# Sr20vet Help



## B15VET (Apr 22, 2004)

*Andreas Miko*, I read your sig...nevertheless, your HELP IS WANTED!!!..lol!

Hey ppl...I'm new here and I hope to have fun.
I NEED SOME HELP!!
I have completed the physical installation of a SR20vet in a 1999 B15. Its coupled to a 5 speed LSD gearbox. I have two problems and relevant questions, thus far.
*PROBLEM #1*
I got no MAF. Don't ask why. How can I overcome this issue? Anyone has the part# for the vet MAF? I have a Z32 MAF and a HyperR AFC. Can this work efficiently?
*PROBLEM #2*
The throttle-body and the throttle position sensor both form a complete unit and is not cable operated. The DE and DET TB bolts right on using a spacer. Can I use the DE or DET TB/TPS on the vet so that it operates with the accelerator cable? 

Bonus quests...lol!!
1.What other issues might I encounter?
2.Is 2.5" dia. exhaust pipe sufficient?
3.The intercooler is mounted over the engine. If I do the necessary piping to make it a front mount setup, how would performance be affected??


----------



## chimmike (Oct 17, 2002)

if I'm not mistaken, you probably have what looks like a G20 and not a B15, which would make ur car a P11. Nevertheless, i think using a DE or DET throttle body would be ok. not sure about the rest


----------



## spdracerUT (Jun 11, 2002)

I dunno.... the fact that the tps/throttle body is not cable operated makes me think it might be drive-by-wire which would pose a problem if you're not using the stock vet ecu. did you get the whole front clip? might have to switch over all of the gas pedal/throttle stuff.
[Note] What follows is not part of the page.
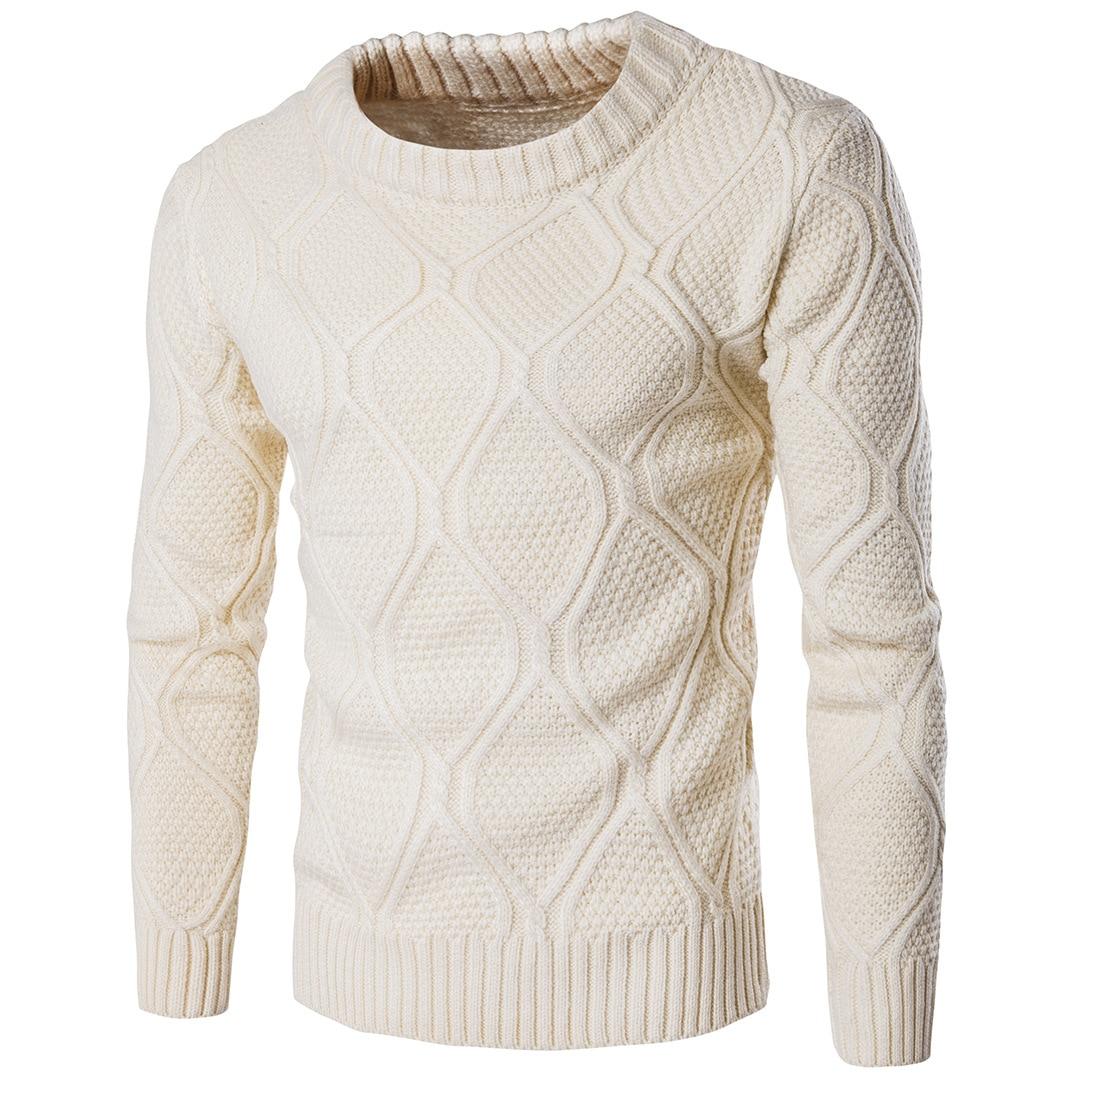 2018 Autumn Men's Casual Pullover Wool Sweater , Warm Winter Men's Round Neck Solid Sweater Men , Fashion Twist Knit Sweater

For the exhaust, no smaller than 3" for max power.


----------



## B15VET (Apr 22, 2004)

*chimmike*..it is a B15...its the Japanese model also called a SUNNY. Its a RHD.
*spdracer*..i think i overheard the auto electrician say something about a 'drive-by-wire' like you mentioned. Unfortunately i didn't get a complete clip so the pedals and other stuff ain't here.
Well now that makes it two things I didn't get..the MAF sensor and the pedal throttle gismo. I got the ecu and harness. How can I make it work guys?
I had a det b4 with 2.5" piping. Is it necessary to up that size this soon?? What gains can I expect with 3" pipe over 2.5"?


----------



## Chillboy (Oct 8, 2003)

Sounds like your car wants a stand alone and new tb and gas pedal from a SR20. Convert the drive by wire, run a MAP sensor and get the most out of your VET.


----------



## B15VET (Apr 22, 2004)

Chillboy said:


> Sounds like your car wants a stand alone and new tb and gas pedal from a SR20. Convert the drive by wire, run a MAP sensor and get the most out of your VET.


what do you mean by converting the drive-by-wire?


----------



## hazar_ser (Feb 17, 2003)

B15VET said:


> *chimmike*..it is a B15...its the Japanese model also called a SUNNY. Its a RHD.
> *spdracer*..i think i overheard the auto electrician say something about a 'drive-by-wire' like you mentioned. Unfortunately i didn't get a complete clip so the pedals and other stuff ain't here.
> Well now that makes it two things I didn't get..the MAF sensor and the pedal throttle gismo. I got the ecu and harness. How can I make it work guys?
> I had a det b4 with 2.5" piping. Is it necessary to up that size this soon?? What gains can I expect with 3" pipe over 2.5"?


You need the MAF, O2 sensor, the key, ignition switch and VET computer. Also I *think* the American B15 are also drive by wire, so maybe swapping some of the other parts might work.


----------



## Chillboy (Oct 8, 2003)

I meant that you can't run the drive by wire with stand alone. The SR20 gas pedal runs a cable to the throttle body. With a stand alone you won't need the MAF either. May not be much more expensive if you need all the parts anyways. My Spec has an SR20 gas pedal, KA24 tb and TEC III.


----------



## morepower2 (Apr 19, 2002)

B15VET said:


> *Andreas Miko*, I read your sig...nevertheless, your HELP IS WANTED!!!..lol!
> 
> Hey ppl...I'm new here and I hope to have fun.
> I NEED SOME HELP!!
> ...


Switch to a 2000 SE wire harness, ECU and older style throttle body and run a JWT ECU programed for your injector and MAF size.

Run a 3" exhaust
A front mount will work much better but it will have slightly more lag.

Mike


----------



## B15VET (Apr 22, 2004)

morepower2 said:


> Switch to a 2000 SE wire harness, ECU and older style throttle body and run a JWT ECU programed for your injector and MAF size.
> 
> Run a 3" exhaust
> A front mount will work much better but it will have slightly more lag.
> ...


are you suggesting that i get rid of the stock harness and ecu that i got with the engine?...car is still down btw..i got a z32 maf and awaiting the arrival of a s-afc2... hope things work out for me soon.
anyone done this swap sucessfully before?


----------